Chapitre 2. Orientations théoriques et méthodologiques

2.1 L’approche compréhensive et la reconnaissance de la capacité réflexive des individus

L’approche compréhensive rompt avec les approches objectivistes dans lesquelles « seul le [ou la] sociologue bénéficierait du recul nécessaire pour interpréter les signes comportementaux permettant de montrer le poids objectif que fait peser la structure sociale sur les situations subjectives dont les déterminants échappent en majeure partie à celles et ceux qui les vivent » (Beauchez, 2017, p. 113). Contrairement à ce genre d’approches objectivistes, où le sens que les acteurs et actrices donnent à leurs comportements et pratiques est considéré comme faussé (si ce n’est pas trompeur) et n’a, par conséquent, que peu de valeur dans l’explication sociologique, l’approche compréhensive situe le sens que les individus donnent à leur situation au centre du travail sociologique. L’approche compréhensive vient replacer le « sujet » au cœur de l’analyse en se focalisant sur les expériences des individus, sur la manière dont elles sont vécues et sur le sens qui leur est donné (Beauchez, 2014). Le choix de cette approche m’amène à interroger le sens que les boxeuses accordent à leurs pratiques de contrôle du poids et les façons par lesquelles elles négocient avec les normes corporelles.

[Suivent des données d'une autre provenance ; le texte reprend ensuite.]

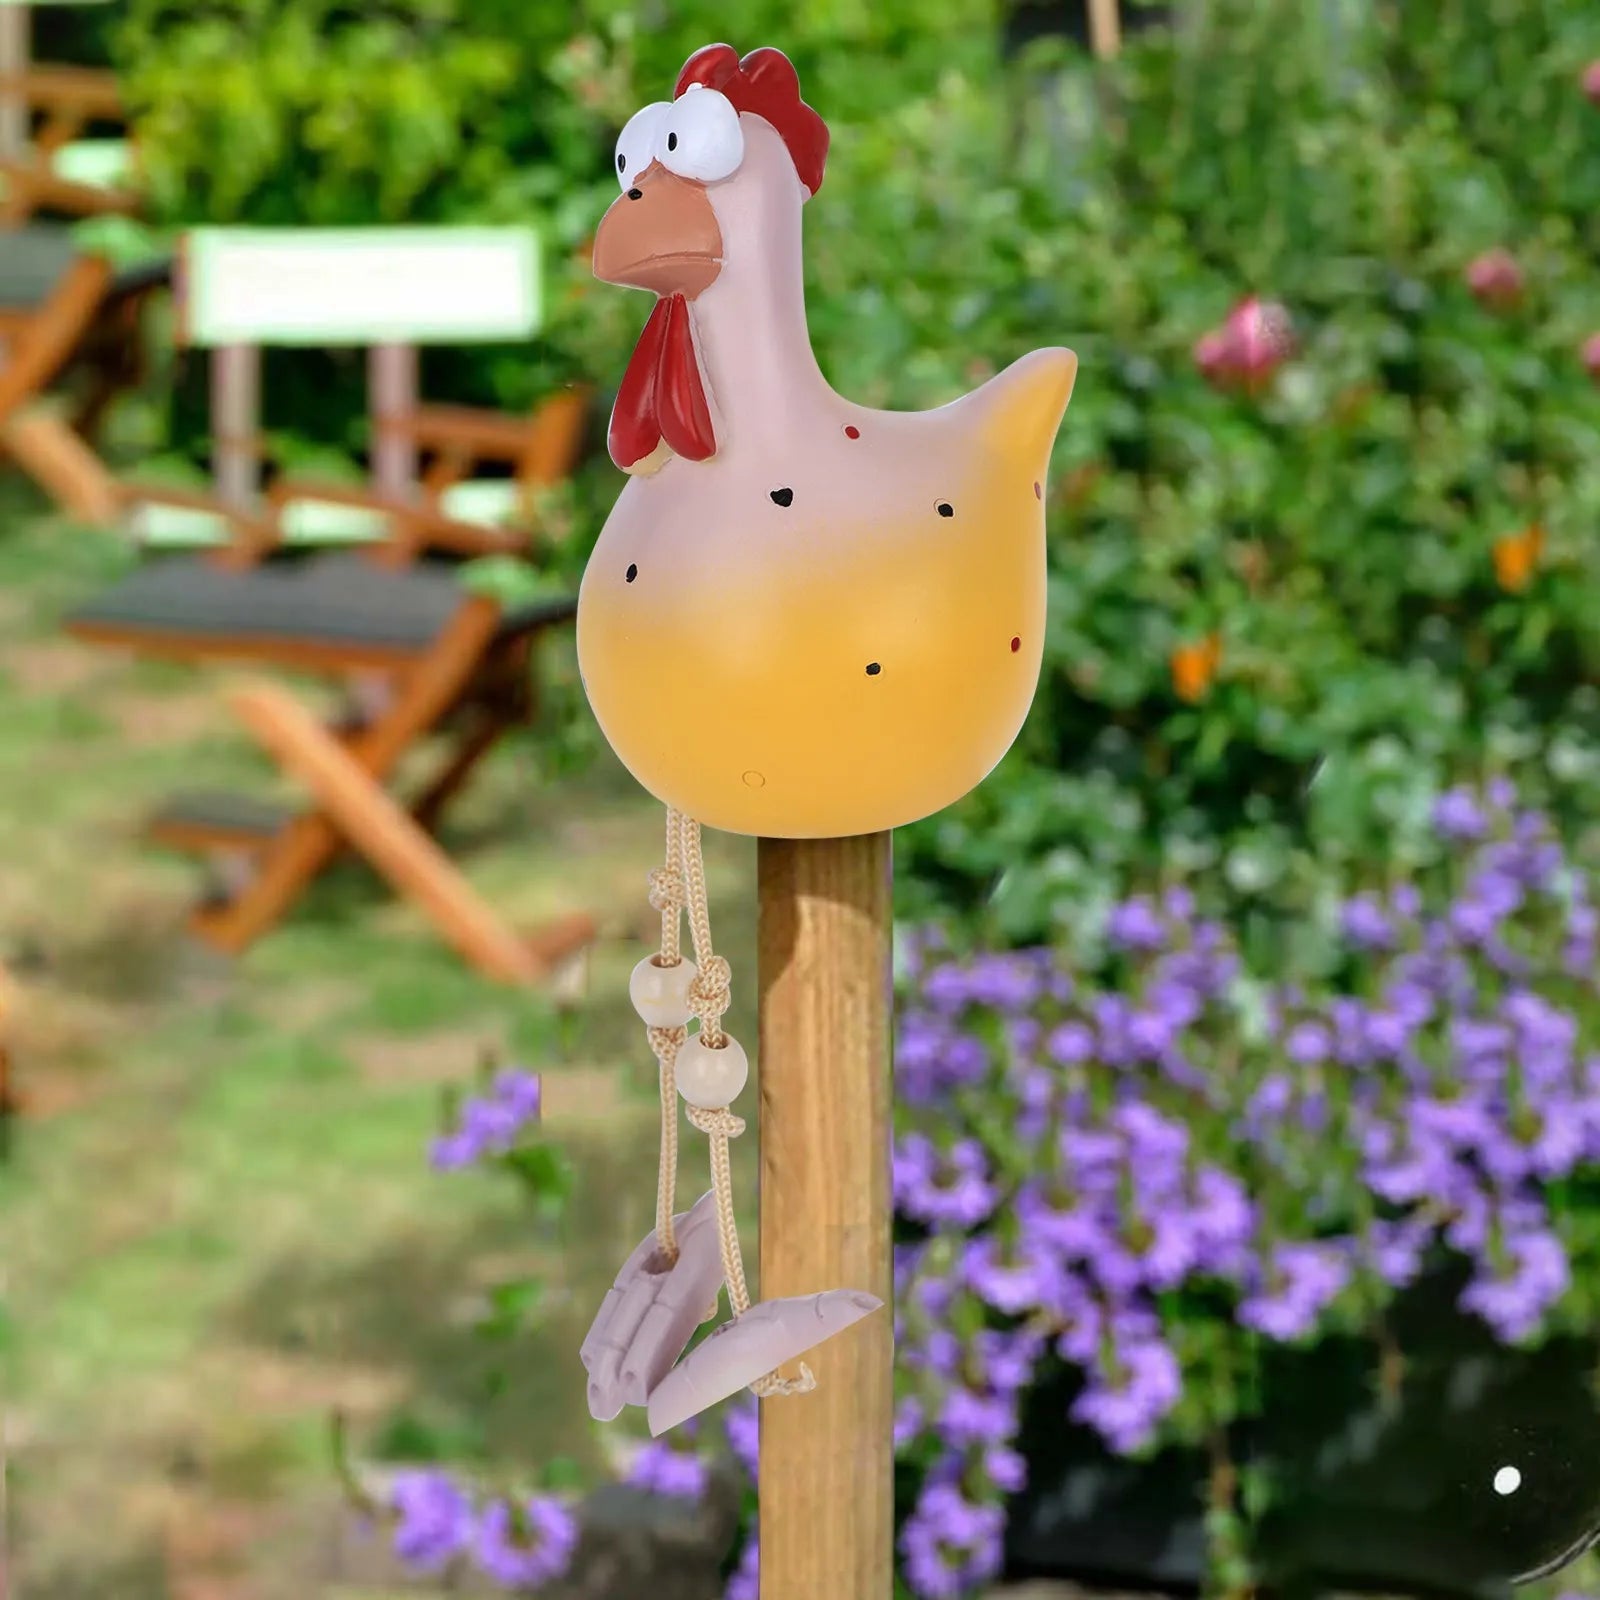 Dekorasi Dekorasi Taman Ayam Lucu Patung Resin Rumah Halaman Pertanian Dekorasi Chicken Hen Sculpture Art Craft Courtyard Housewarming

Par ailleurs, l’approche compréhensive implique de ne pas penser les individus comme des « idiots culturels » (Garfinkel, 1967) : « All human beings are knowledgeable agents. That

is to say, all social actors know a great deal about the conditions and consequences of what they do in their day-to-day lives » (Giddens, 1984, p. 281). Cela invite à considérer la capacité réflexive et d’action des individus, sans toutefois tomber dans un subjectivisme à outrance (Giddens, 1984). Les structures contraignent, mais elles rendent aussi possibles une certaine marge d’action dont peuvent se saisir les individus : « chaque modalité de structuration des relations sociales est tout à la fois contraignante […] et

habilitante […]. Ainsi, les structures sociales ne devraient pas être regardées exclusivement

sous l’angle de la contrainte et de la domination mais aussi sous celui des compétences qu’elles rendent possibles et mettent en jeu » (Corcuff, 2012, p. 67; italiques dans l'original). De plus, la structure sociale n’est pas qu’une contrainte extérieure, elle est aussi un élément de structuration interne aux individus, reproduite à travers leurs pratiques quotidiennes routinières : « Constraint, in other words, is shown to operate through the active involvement of the agents concerned, not as some force of which they are passive recipients » (Giddens, 1984, p. 289). La capacité réflexive permet aux individus de « prendre conscience des limites à l’intérieur desquelles des choix d’action sont possibles » (Corneloup, 2002, p. 75). Sans cette capacité réflexive, les individus resteraient déterminés par les structures (Corneloup, 2002, p. 76). La capacité réflexive et d’action des individus leur procure donc un certain pouvoir qui peut mener au détournement et à la redéfinition des éléments de structuration sociale (Corcuff, 2012; Jamet, 1991). Les individus peuvent même aller jusqu’à « redéfinir les règles du jeu en fonction de la connaissance sociale dont ils disposent pour décoder les logiques pratiques et symboliques des activités et les règles sociales du jeu » (Corneloup, 2002, p. 75).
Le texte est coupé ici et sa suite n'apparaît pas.